5. Use confidence intervals

Any sample of customer data contains errors when making inferences about the larger customer population. While one approach to minimizing the effects of sampling error is to collect a large sample size, you can easily compute confidence intervals and visualize them in Excel, enabling you to make the most of small and large sample sizes.

A confidence interval, as illustrated in Figure 2, provides the most plausible range of the response average. It tells you the upper and lower boundary that an average score would fluctuate between if you could measure every single customer (such as to a rating scale or binary response option).
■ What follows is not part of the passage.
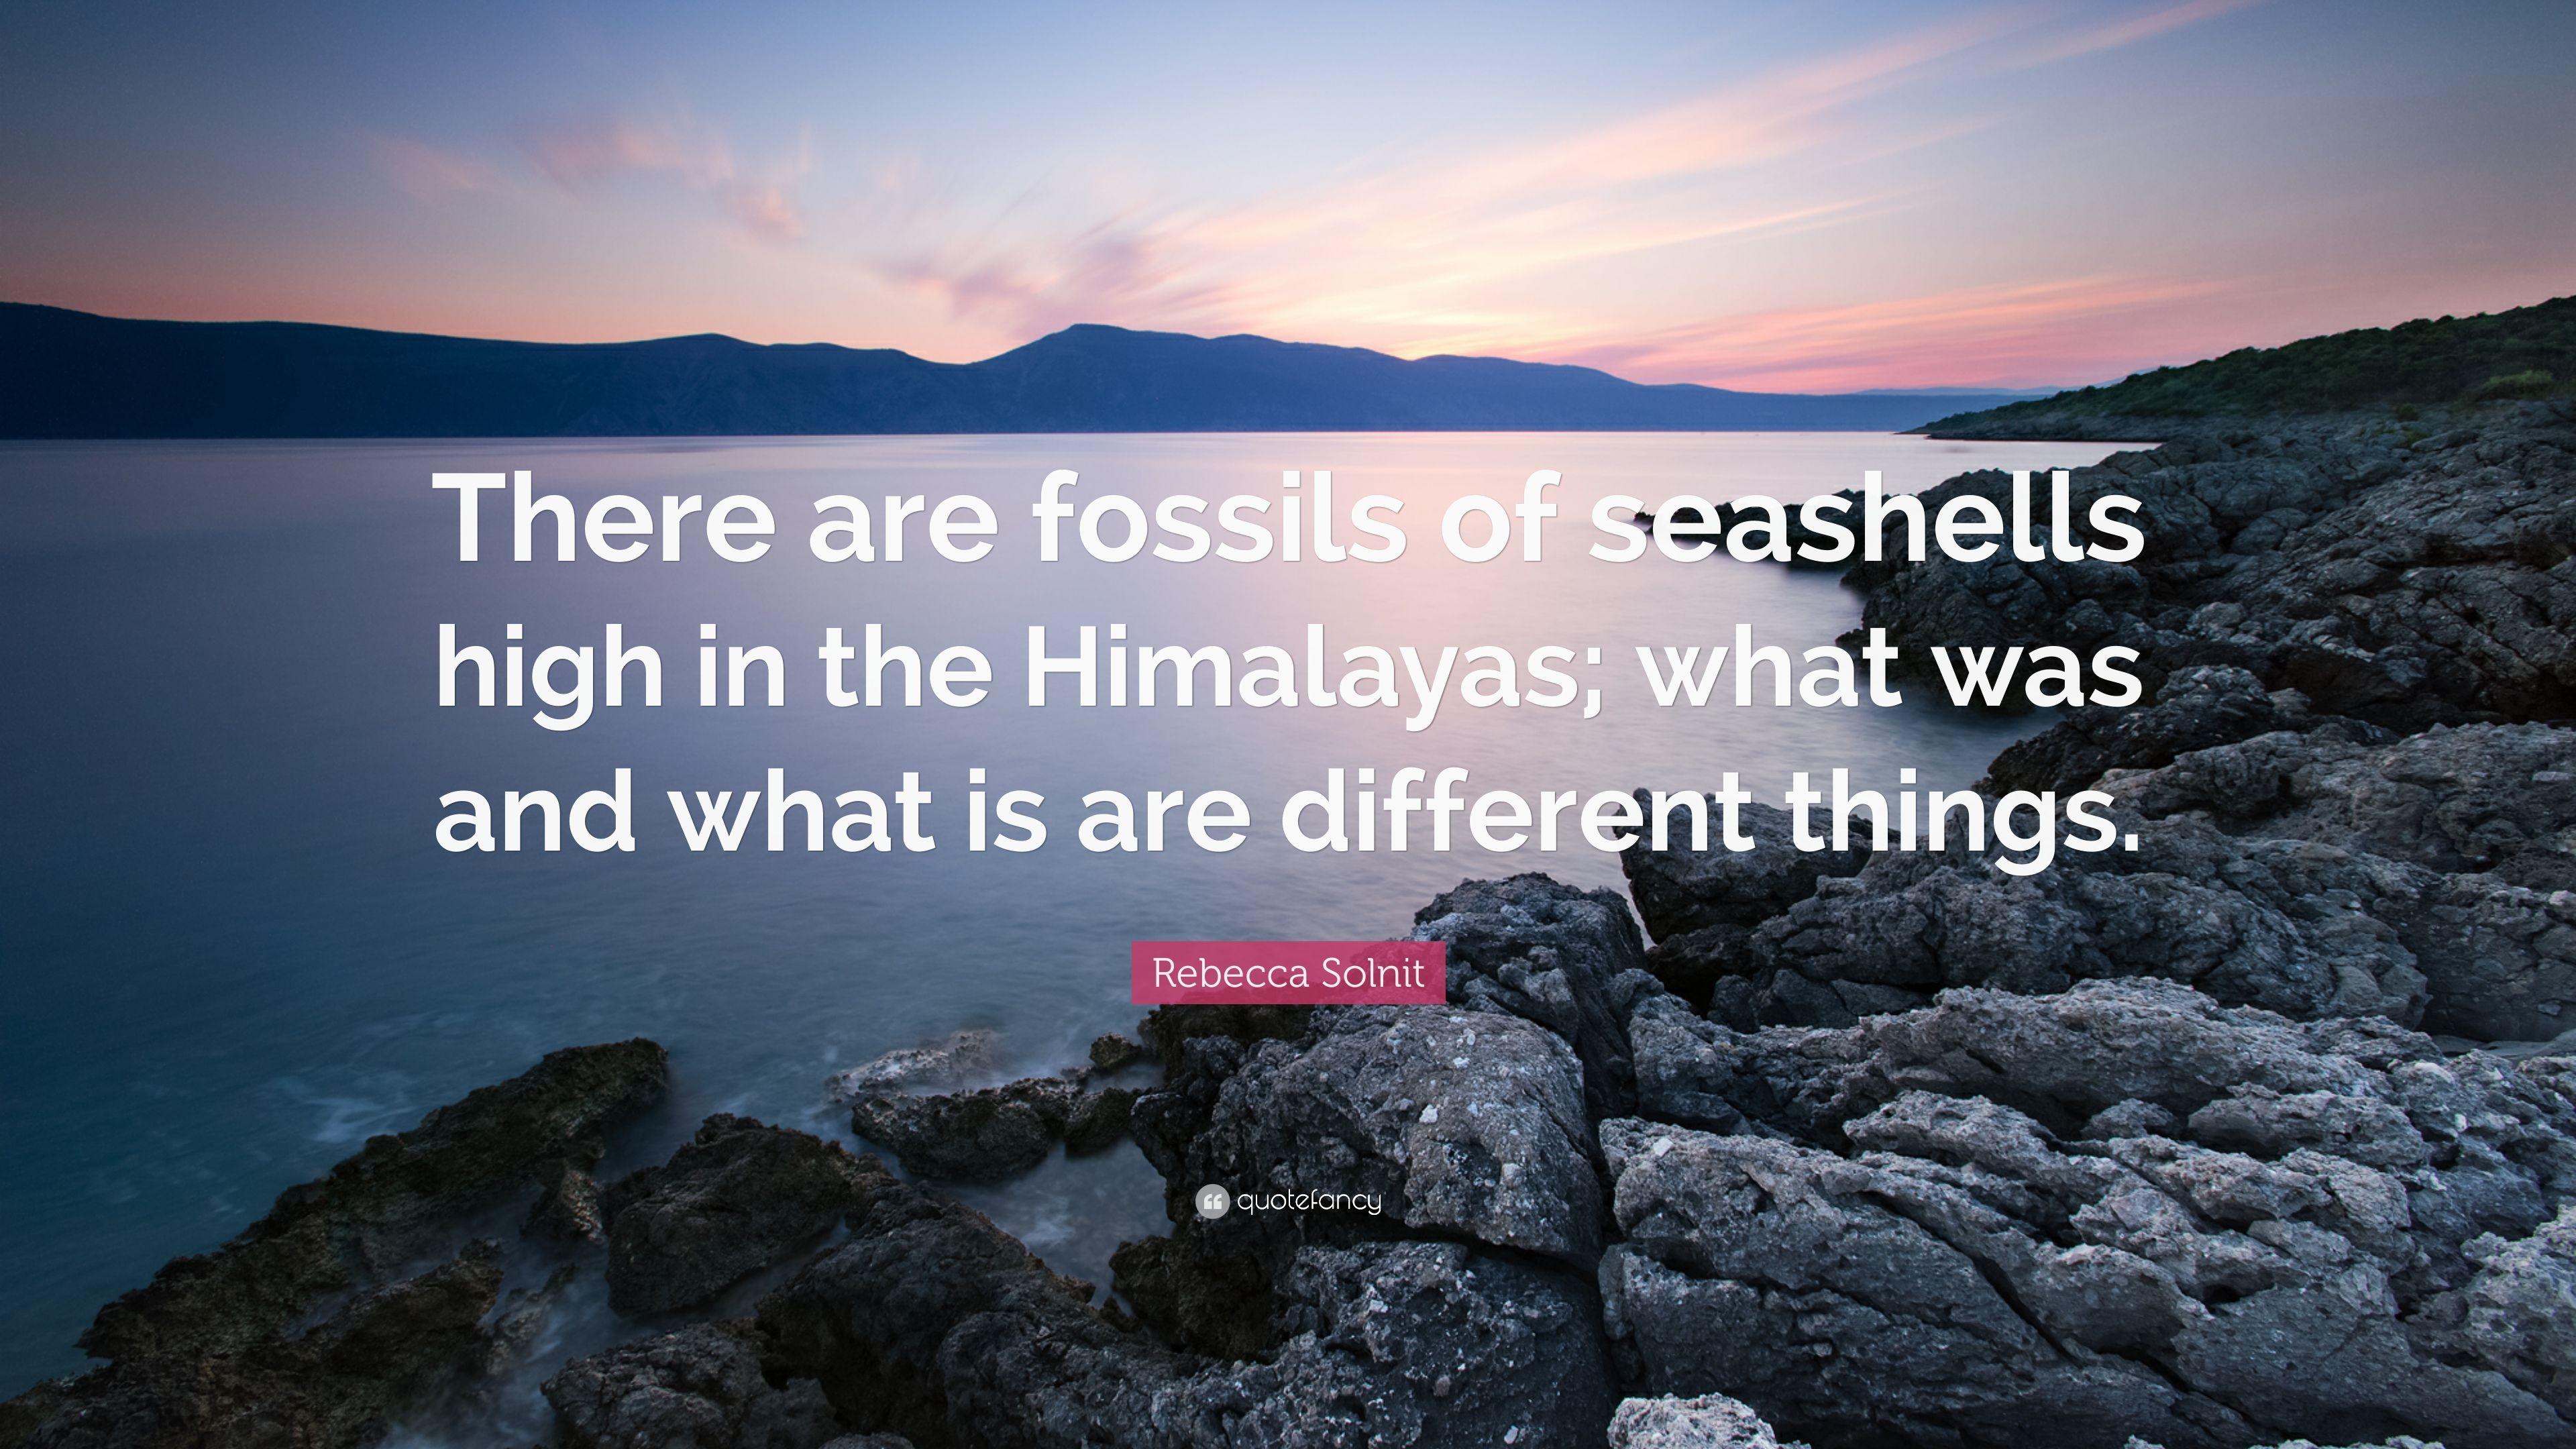 Rebecca Solnit Quote: “There are fossils of seashells high in

Figure 2: Visualization of a confidence interval computed in Excel.

6. Examine distributions, not just averages

The mean tells you about the middle or typical value, and the standard deviation describes the variability. It’s also helpful to see how the data is distributed using a frequency distribution (for discrete data) and a dot-plot (for continuous data). Figure 3 shows two distributions of responses on a seven point scale. Even though both have almost the same number of responses (103 and 107), notice the larger spike for the darker blue bars at the response options of 1 and 2.  This suggests that a substantial minority of respondents were dissatisfied, an insight that may have been masked if you looked only at the average response.

Figure 3: Frequency distribution of responses on a seven-point scale, where option 1 indicates “very dissatisfied” and option 7 indicates “very satisfied.” The dark-blue bars show a much larger number of dissatisfied (1’s and 2’s) than the light blue bars.

Figure 4 below is a dot-plot of salaries for professionals in the User Experience field. While most salaries cluster under $150k, a handful show up above half-a-million dollars. This suggests a few professionals are doing quite well or that there were errors in data entry from this self-reported response in a survey to UX professionals (probably more likely).


Figure 4: Distribution of salaries reported by User Experience professionals.

Both frequency distributions and dot plots reveal any unusual response patterns–such as a large group of unsatisfied users or–in the case of income, revenue, reaction time, or task-time data–outlying data that affect the mean and standard deviation and require additional steps to properly analyze.

If you want to get more from your data, try using these six techniques on your next analysis.